Data Wrangling Assessment Task 3: Dataset challenge

Required packages

library(dplyr)
library(tidyr) 
library(knitr) 
library(magrittr)
library(lubridate)
library(ggplot2)
library(forecast)

Data, Tidy & Manipulate Data I (Steps 1, 2, 6 - Get, Tidy and Merge Data)

These two data sets contain information related to Covid19, retrieved from Covid19data.com.au

The First data set is about Covid19 Daily cases

Variables include:

Date - Date from 1/08/2021 to 12/10/2021
State - The state in Australia
Cases - The number of new daily Covid19 confirmed cases

Source

Covid19data, 2021, Cases: States and Territories, Covid19data, viewed 13 October 2021,<https://www.covid19data.com.au/states-and-territories>

The Second data set is about the number of double vaccinated people

Variables include:

Date - Date from 1/08/2021 to 12/10/2021
State - The state in Australia
DoubleVaxxed - The total number of double vaccinated people

Source

Covid19data, 2021, COVID-19 Vaccinations in Australia, Covid19data, viewed 13 October 2021, <https://www.covid19data.com.au/vaccines>

# First we download the two data sets from covid19data

# Then we import data using read.csv and assign them as cases and doses 
cases <- read.csv("daily cases.csv")
head(cases)

doses <- read.csv("2 Doses.csv")
head(doses)

# In order to conform the tidy data principles: Each variable needs to have its own column, each observation needs to have its own row and each value needs to have its own cell. To do this, we need to convert the wide data to long data.
# The current data has column headers which are values, not variable names.

cases <- cases %>% 
  pivot_longer(!ï..Date, names_to = "State", values_to = "Cases")

# Here we need to make sure all variables are the same class to perform the pivot_longer function on doses.
doses$NSW <- as.character(doses$NSW)
doses$VIC <- as.character(doses$VIC)
doses$QLD <- as.character(doses$QLD)
doses$SA <- as.character(doses$SA)
doses$WA <- as.character(doses$WA)
doses$TAS <- as.character(doses$TAS)
doses$NT <- as.character(doses$NT)
doses$ACT <- as.character(doses$ACT)

doses <- doses %>% 
  pivot_longer(!ï..Date, names_to = "State", values_to = "DoubleVaxxed")

# We then use bind_cols function to merge the data sets and assign as CovidData
CovidData <- bind_cols(cases, doses)
head(CovidData)

# As you can see, there are duplicate variables Date and State. Here we drop the duplicates
CovidData <- select(CovidData, -ï..Date...4, -State...5)


# Here we rename the column names
CovidData <- CovidData %>% 
  rename(Date = ï..Date...1,
         State = State...2)
# Here we remove the commas in the DoubleVaxxed column
CovidData$DoubleVaxxed <- as.numeric(gsub(",","",CovidData$DoubleVaxxed))

CovidData

Understand (Steps 3, 4, 5 - Inspect, convert variable classes)

# Here we use the str() function to inspect the structure of the data.
str(CovidData)

## tibble [584 x 4] (S3: tbl_df/tbl/data.frame)
##  $ Date        : chr [1:584] "1/08/2021" "1/08/2021" "1/08/2021" "1/08/2021" ...
##  $ State       : chr [1:584] "NSW" "VIC" "QLD" "SA" ...
##  $ Cases       : int [1:584] 241 4 9 3 0 0 0 0 209 2 ...
##  $ DoubleVaxxed: num [1:584] 1252304 1038227 753447 275925 340905 ...

# From this, we can clearly see that Date, State and DoubleVaxxed need to have their variable classes converted appropriately.
CovidData$Date <- as.Date(CovidData$Date, format = "%d/%m/%Y")
CovidData$State <- as.factor(CovidData$State)
levels(CovidData$State)

## [1] "ACT" "NSW" "NT"  "QLD" "SA"  "TAS" "VIC" "WA"

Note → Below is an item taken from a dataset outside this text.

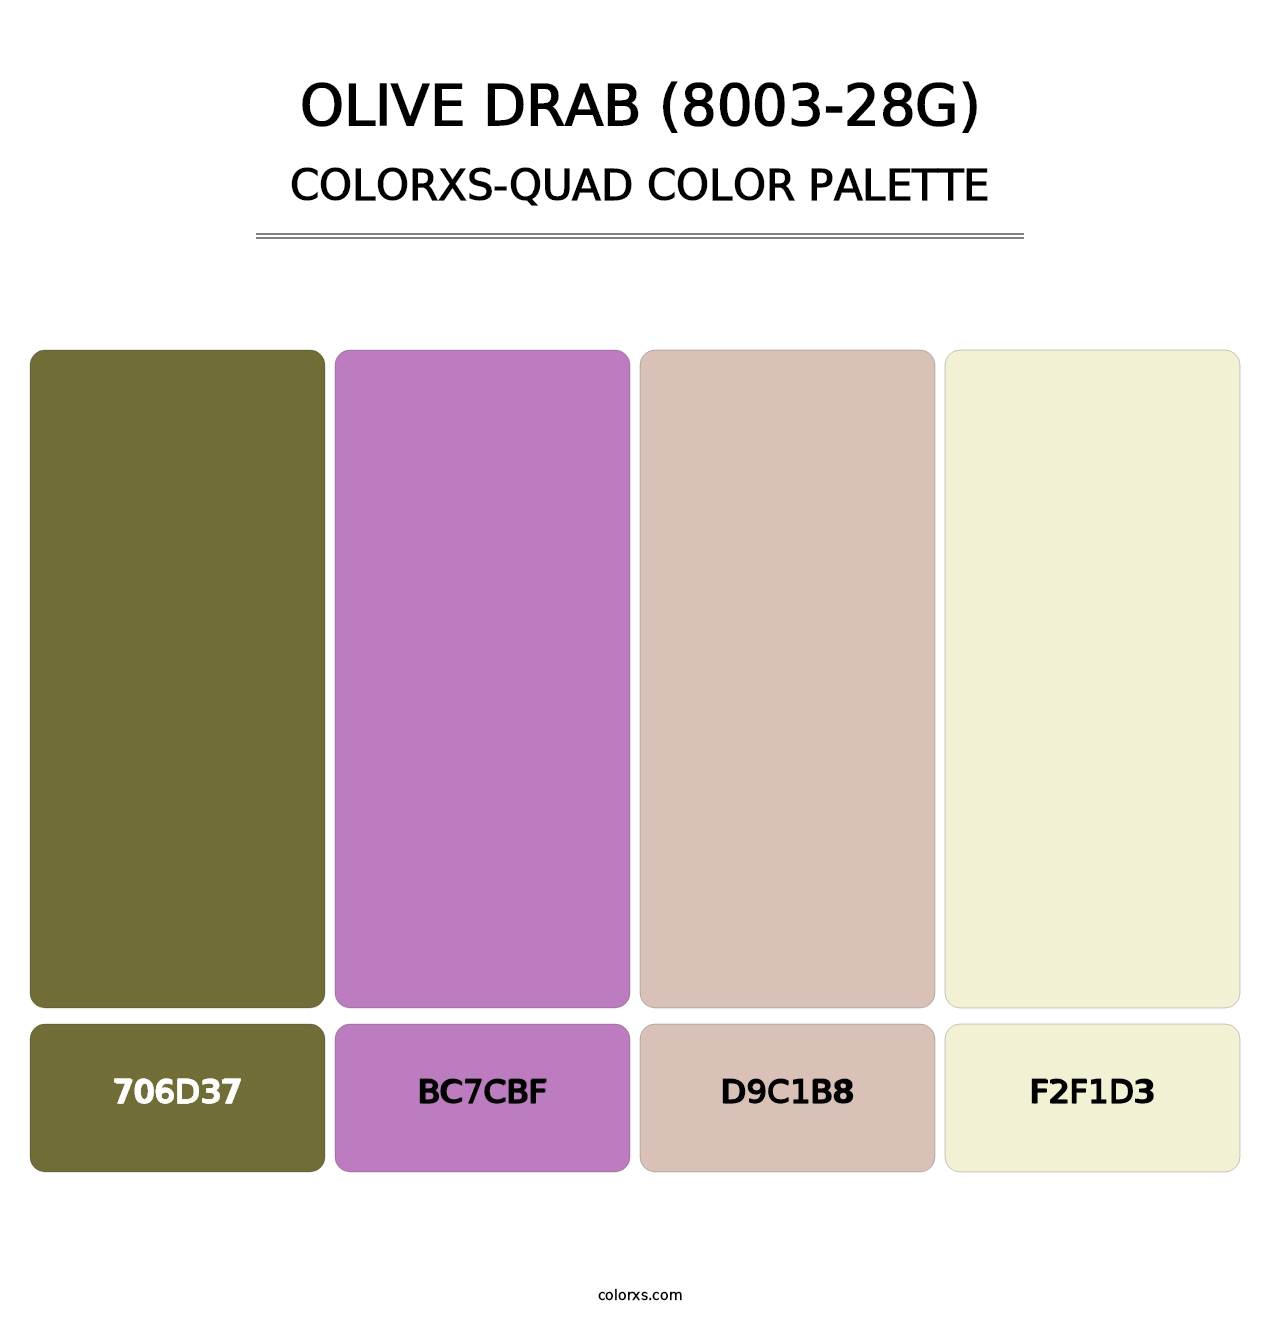 Olive Drab (8003-28G) - Colorxs Quad Palette

CovidData$Cases <- as.numeric(CovidData$Cases)
CovidData$DoubleVaxxed <- as.numeric(CovidData$DoubleVaxxed)

# Here we use lapply to check our classes after the conversions
lapply(CovidData, class)

## $Date
## [1] "Date"
## 
## $State
## [1] "factor"
## 
## $Cases
## [1] "numeric"
## 
## $DoubleVaxxed
## [1] "numeric"

CovidData

Tidy & Manipulate Data II (STEP 7 - Create new variable)

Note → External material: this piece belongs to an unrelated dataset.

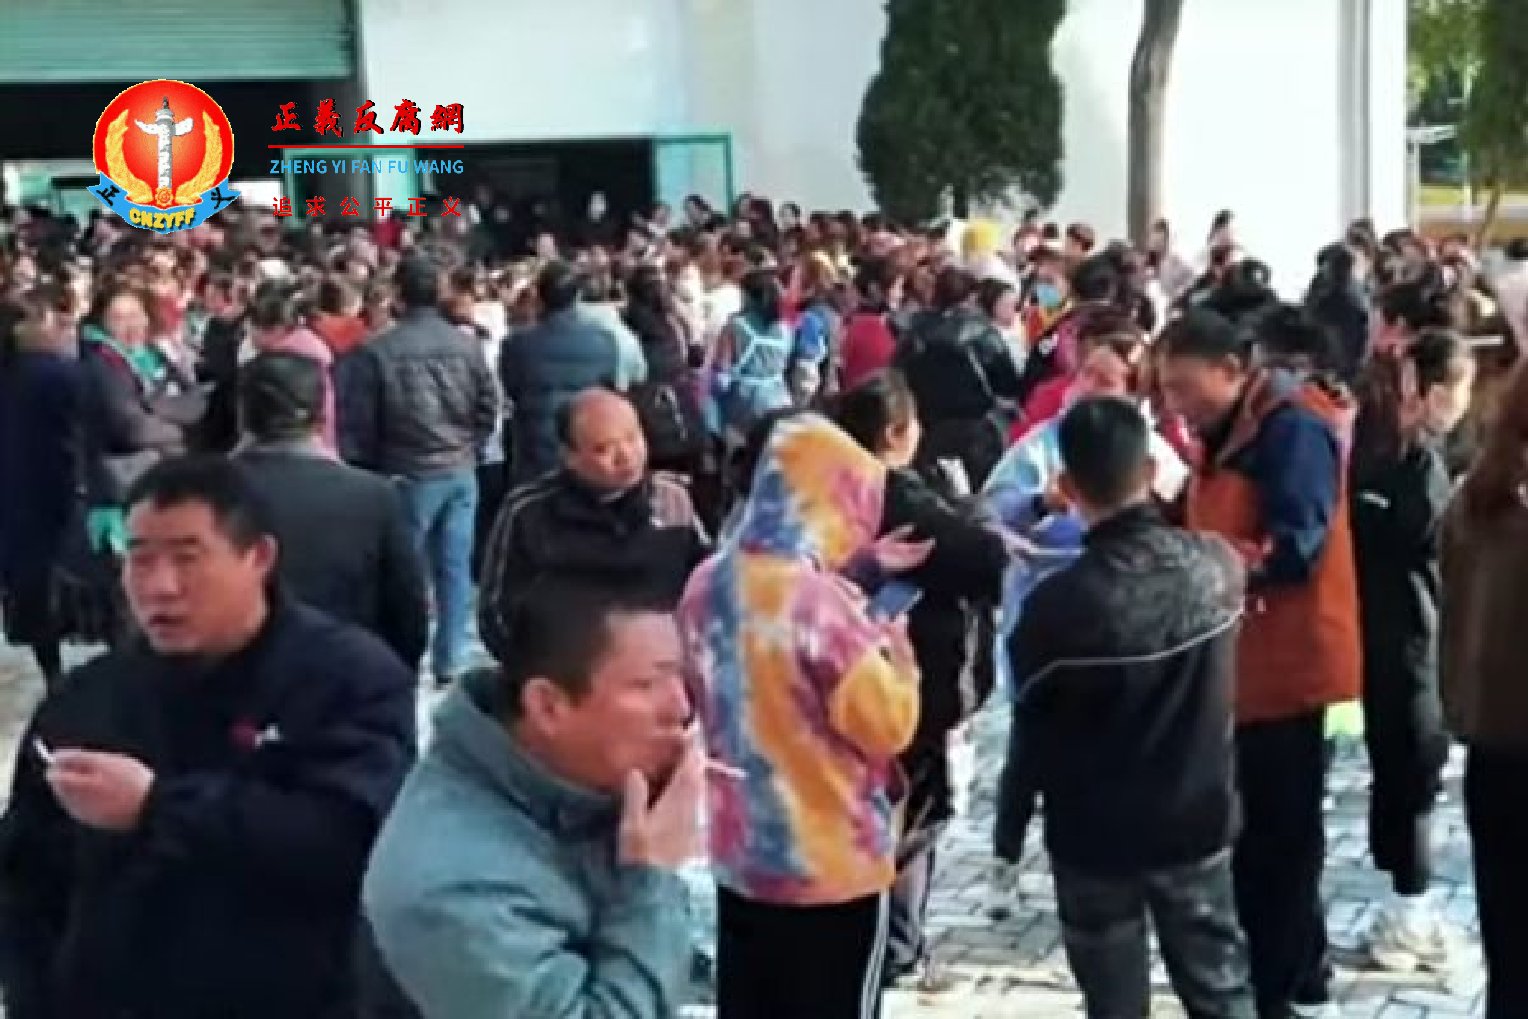 自11月30日起，江苏扬州宝亿制鞋有限公司上千名工人发起集体大罢工，要求厂方就突然宣布停产及解除合同做出合理赔偿。.png

# Here we would like to create/mutate new variables from the existing variables.
# We will calculate the percentage of people who are double vaccinated per state.
# In order to do this, we need to find out the total population of each state. (Source: Australian Bureau of Statistics, National, state and territory population March 2021)

# We create a new list and join it to our main data frame.
mylist <- list(c("NSW", "VIC", "QLD", "SA", "WA", "TAS", "NT", "ACT"), c(8176400, 6648600, 5206400, 1771700, 2675800, 542000, 247000, 431800))
mylist

## [[1]]
## [1] "NSW" "VIC" "QLD" "SA"  "WA"  "TAS" "NT"  "ACT"
## 
## [[2]]
## [1] 8176400 6648600 5206400 1771700 2675800  542000  247000  431800

# Convert to data frame
mydf <- as.data.frame(mylist)
colnames(mydf) <- c("State", "Population")

# Join to original data frame
CovidData %<>%
  left_join(mydf)
CovidData

# Calculate percentage of people who are double vaccinated, per state.
CovidData %<>%
  mutate(Percentage_Fully_Vaxxed = (DoubleVaxxed / Population) * 100)
head(CovidData)

Scan I (Step 8 - Missing Values)

# Here we use the colSums and is.na function to see if there are any missing values. This also clearly shows which variable has missing values. This also shows how many values are missing.
colSums(is.na(CovidData))

##                    Date                   State                   Cases 
##                       0                       0                       3 
##            DoubleVaxxed              Population Percentage_Fully_Vaxxed 
##                       0                       0                       0

# To see the position of the missing values, we use the which function. This shows us that the missing values all fall on 2021-10-12 
which(is.na(CovidData$Cases))

## [1] 580 581 583

CovidData[c(580, 581, 583), ]

# A potential reason for the missing values is most likely due to not being able to acquire such up to date data from certain states.
# To deal with the missing values in this case, we remove the most recent values dated 2021-10-12
CovidData <- CovidData[-c(577:584), ]
CovidData

Scan II (Step 9 - Outliers)

# First we create histograms of Cases and DoubleVaxxed to get a visual idea of the distribution.
# We can see that overall, the data is not normally distributed.
# This means we will not use the z-score method
ggplot(CovidData, aes(x = Cases)) +
        geom_histogram(color = "grey30", fill = "white") + 
        facet_grid(State ~ ., scales = "free")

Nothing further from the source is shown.